Friday, November 23, 2007

Standing up for the downtrodden who only make $160,000/year

Matt Stoller objects to a silly New York Times article. He particularly objects to this passage

But while some of these benefits take the form of highly practical solutions - like on-site child care - others raise questions whether law firms are subsidizing a cushy lifestyle.

"As if a $160,000 starting salary wasn't enough for associates" fresh out of law school, "yes, there's more," said Peter Johnson of Law Practice Consultants in Boston.


As Atrios notes, employers providing pay and benefits to employees are not subsidizing, whether or not there are contracts requiring them to provide such benefits.

However, Stoller has a very odd interpretation of the ideology behind the article
asking "Why Does the New York Times Hate Wage Earners?" in the title of the post and concluding

It's the pain caucus, always, brought to you by the DC Villagers, and it's a subtle propagandizing force that says there are billionaires, power players, and celebrities, and then there is the vast useless consumer horde that should just take what they get and like it.


Stoller presents no evidence supporting his conclusion that NY Times reporter LYNNLEY BROWNING thinks that law associates' excessively cushy lifestyle is being financed at the expense of the legitimate rights of the partners who decided to finance it. I would tend rather to suspect that Browning thinks the lifestyle is unfairly cushy compared to Browning's life style.

The article provides no hint whatsoever of concern for the poor partners. To a considerable extent it seems to me to be celebrating the new perks as a sign that young "top-notch" lawyers want a life and not just a lot of money. The complaints seem to me to be of the form of people saying that young hot shot lawyers are too privileged compared to normal people.

The article strikes me as being populist, noting the extreme advantages some people get from the normal operation of the market system. It makes me think that maybe these high income people can afford to pay more in taxes. Of course everything makes me think that.
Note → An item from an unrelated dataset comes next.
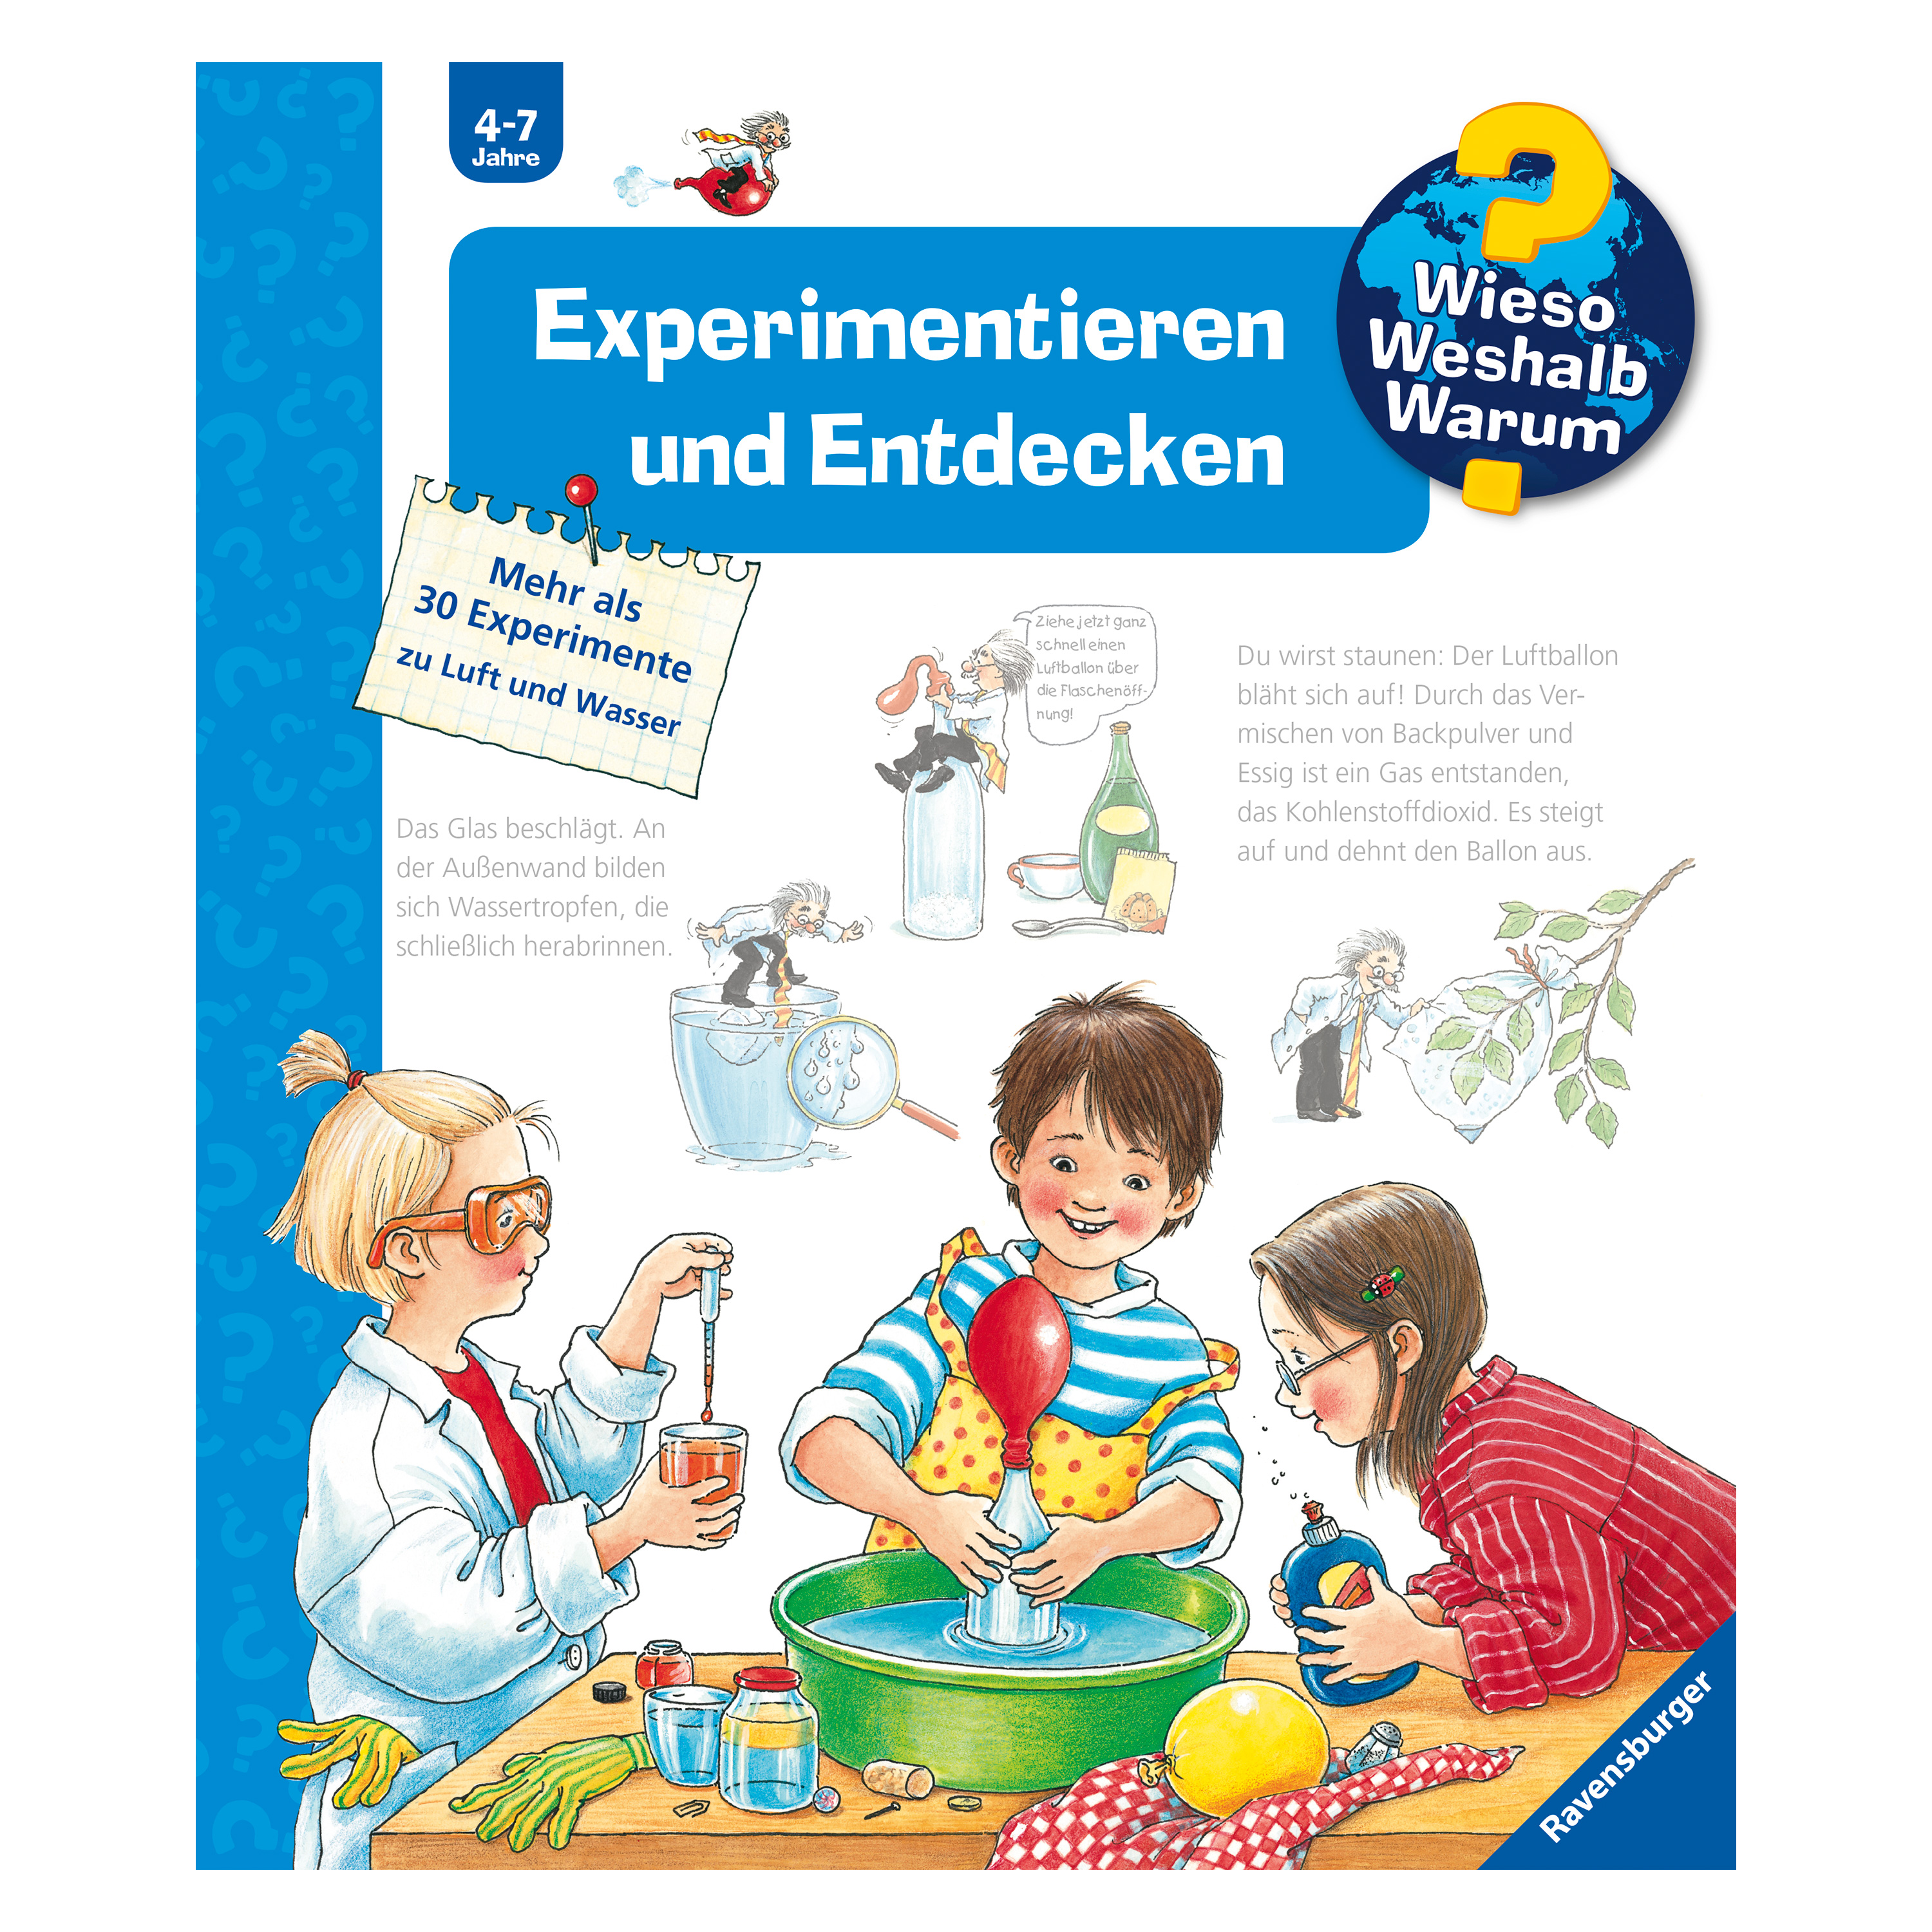 WWW 'Experimentieren und Entdecken' (Bd. 29)

The truly strange thing is that Stoller contrasts wage earners (meaning salary earners too) and the power elite. Uh Matt, CEOs have salaries too. So do pundits.

Matt Stoller, why don't you check out Emanuel Saez's home page, click on (TABLES AND FIGURES UPDATED TO 2005 in Excel format, October 2007) (4 lines under the heading "income and wealth inequality") and look at figure 4.

You will find the estimate that about 37% of the income of the richest 0.01 % in 2005 is "wage income" (Picketty and Saez's term). Entrepreneurial income (like partners' shares) is about 37% and capital income 27%. In 2000 the 60% of the income of the richest 0.01% was "wage income". The share of "wage income" is, of course, higher for the suffering masses who are in the top top 0.1% but not the top 0.01 %.

Stoller seems to be imagining things are as they were in 1929 when the vast majority of the income of the super rich was capital income.

The set of "wage earners" is no longer a subset of "non obscenely wealthy people."
The poor 25 year old associates trying to repay student loans and survive on $ 160,000 a year are not super rich, but thinking something should be done to help others share their good fortune is populism not anti-populism as Stoller imagines.